5. Significance and Implications

• New Probe for Correlated Systems: The work proposes THz optical conductivity as a direct experimental probe for the quantum geometry of interacting electrons. By tuning the Fermi level (via gating) and measuring the absorption peak, one can map the orbital character changes at the Fermi surface.
• Material Candidates: The theory applies to:
  • Dilute metals near topological band inversions (e.g., HgTe quantum wells).

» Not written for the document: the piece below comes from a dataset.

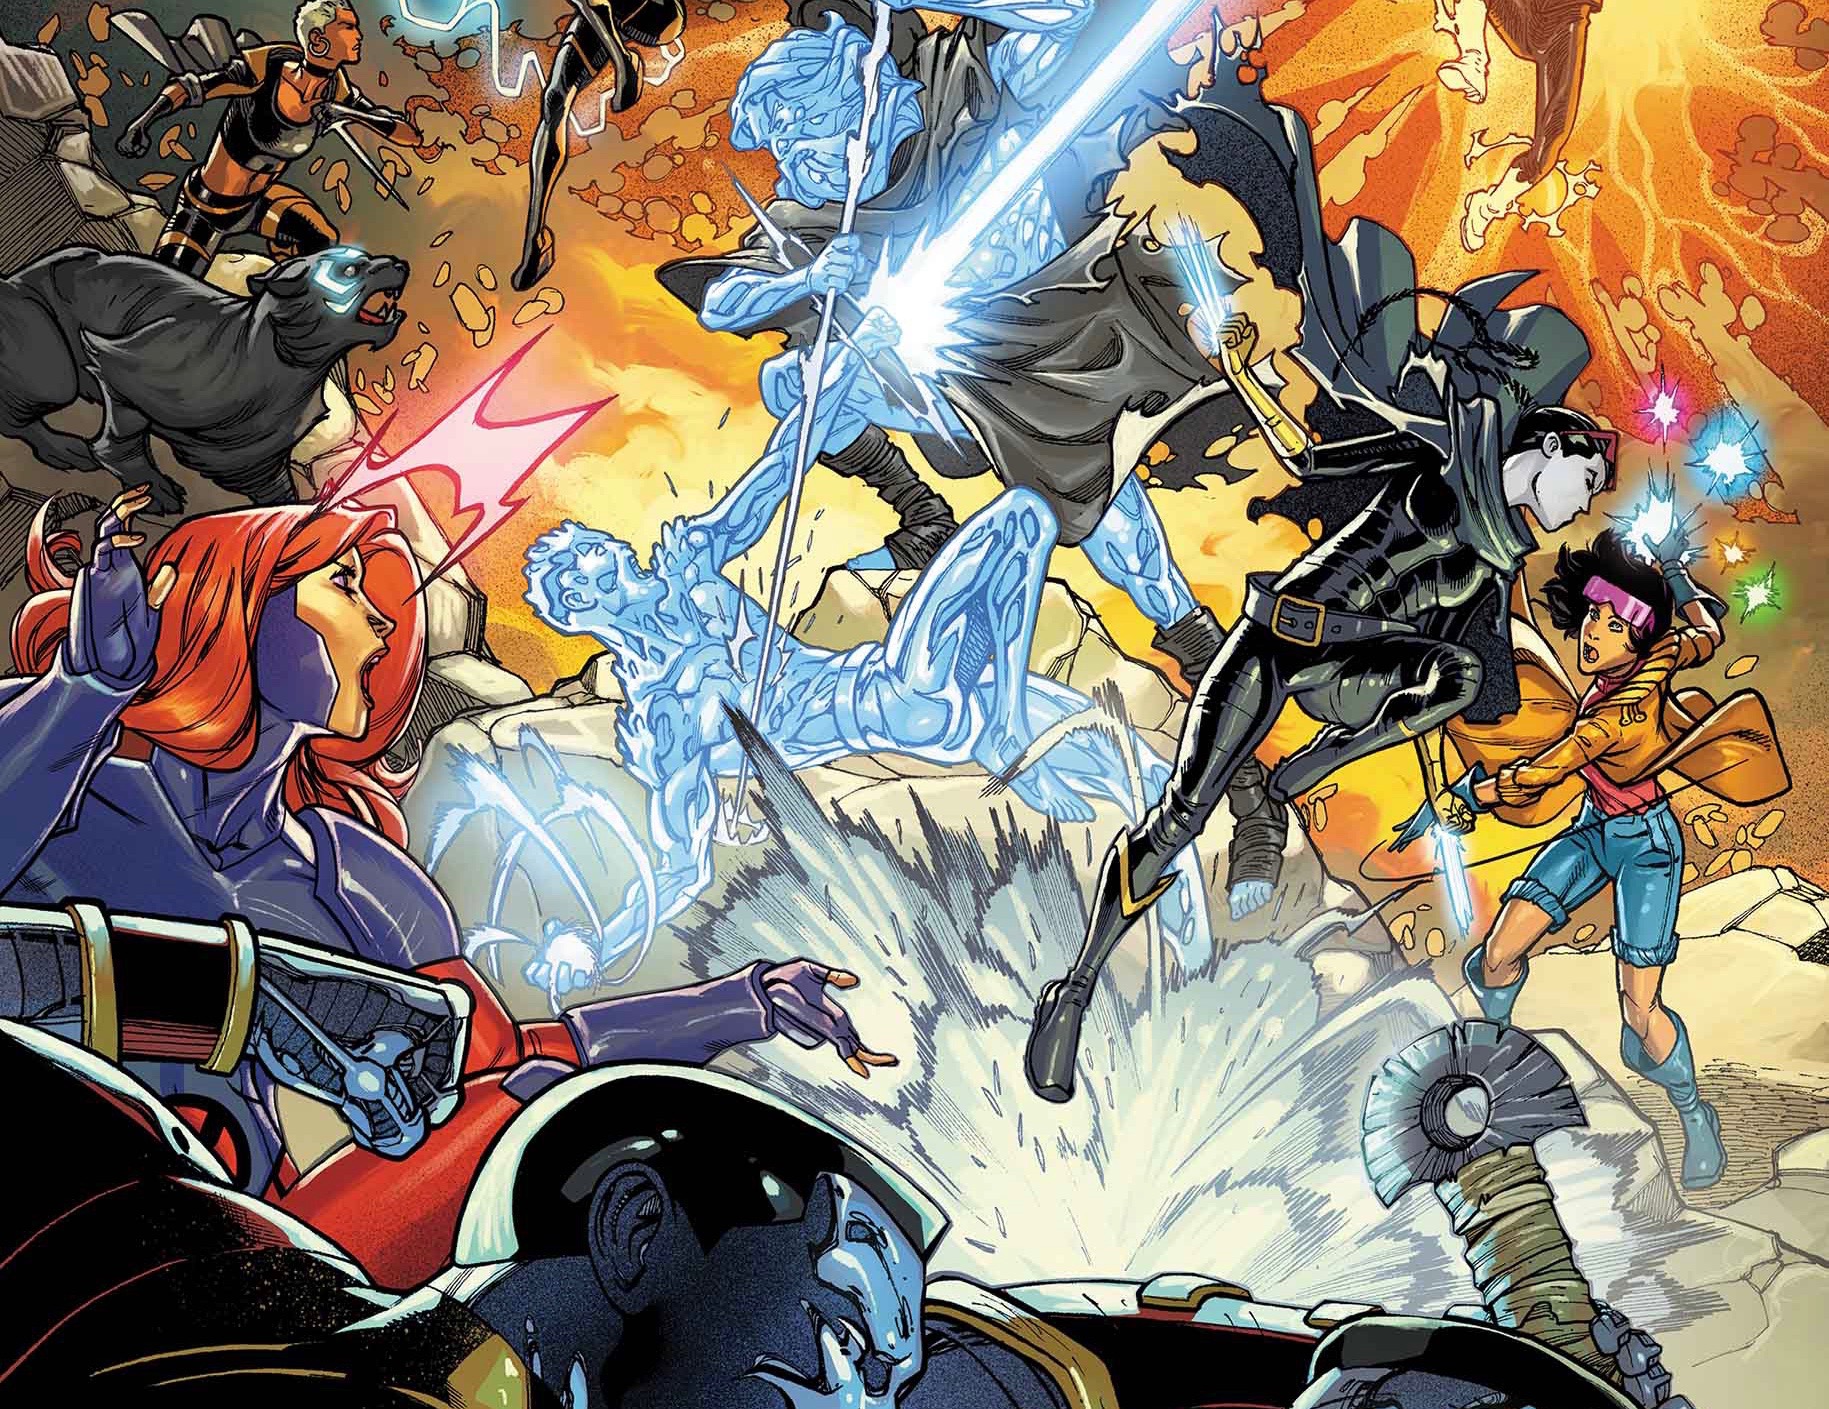 Return of the Ice Master: Sina Grace on what fans can expect from Uncanny X-Men: Winter's End #1
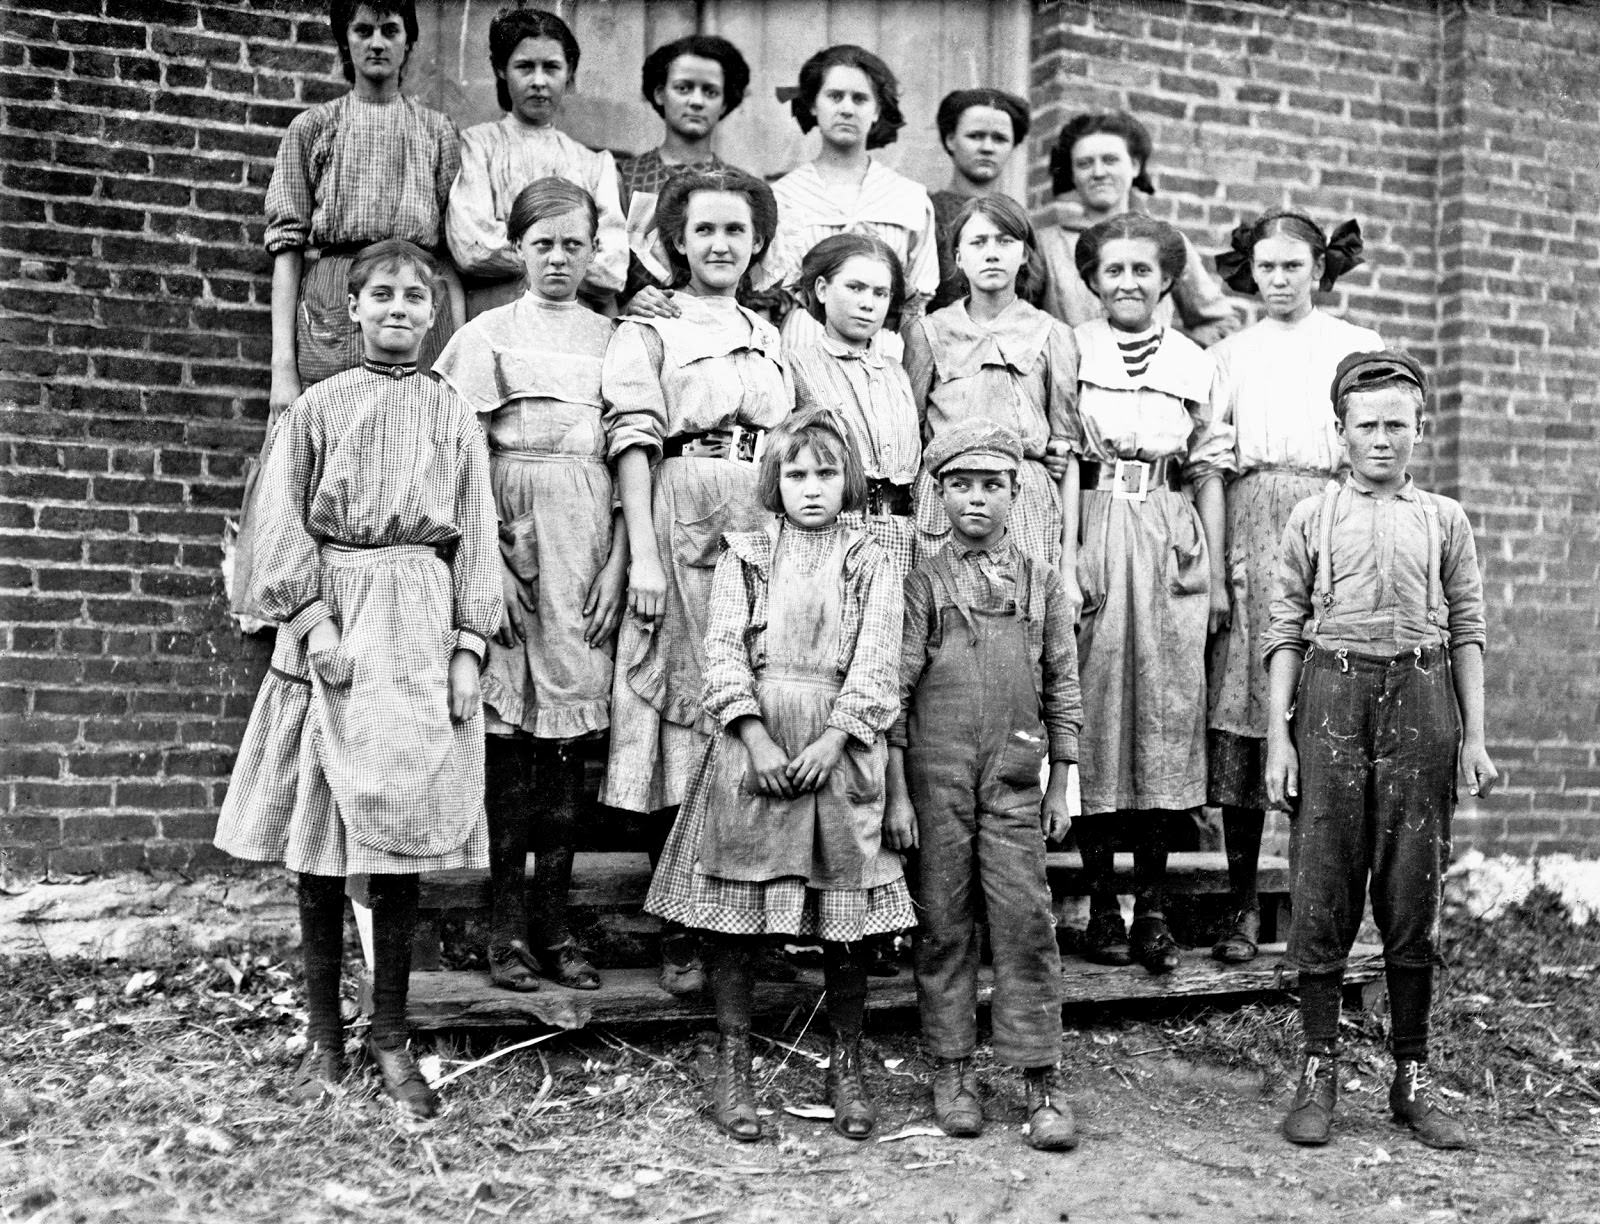 Nope, not a class picture but in fact all the mill workers in Fayettesville, Tennessee, US in 1910. The young girl in the front apparently had trouble remembering her own name.

  • Moiré materials (twisted transition metal dichalcogenides, rhombohedral graphene) where band inversions and flat bands are common.
  • Systems with higher angular momentum band inversions ($m > 1$), where the geometric enhancement is predicted to be stronger.
• Theoretical Enrichment: It bridges the gap between single-particle quantum geometry and many-body Fermi liquid theory, showing that quantum geometry is not just a property of ground states or flat bands but a dynamic feature that enriches the physics of standard metals.
• Future Directions: The authors suggest extending this analysis to nonlinear optical responses, photogalvanic effects, and the AC Hall conductivity, as well as exploring the role of quantum geometry in symmetry-broken phases emerging from the Fermi liquid regime.

In summary, this paper establishes that quantum geometry is a dominant, measurable factor in the optical conductivity of correlated metals, offering a new route to characterize the topological and geometric nature of electronic wavefunctions in interacting systems.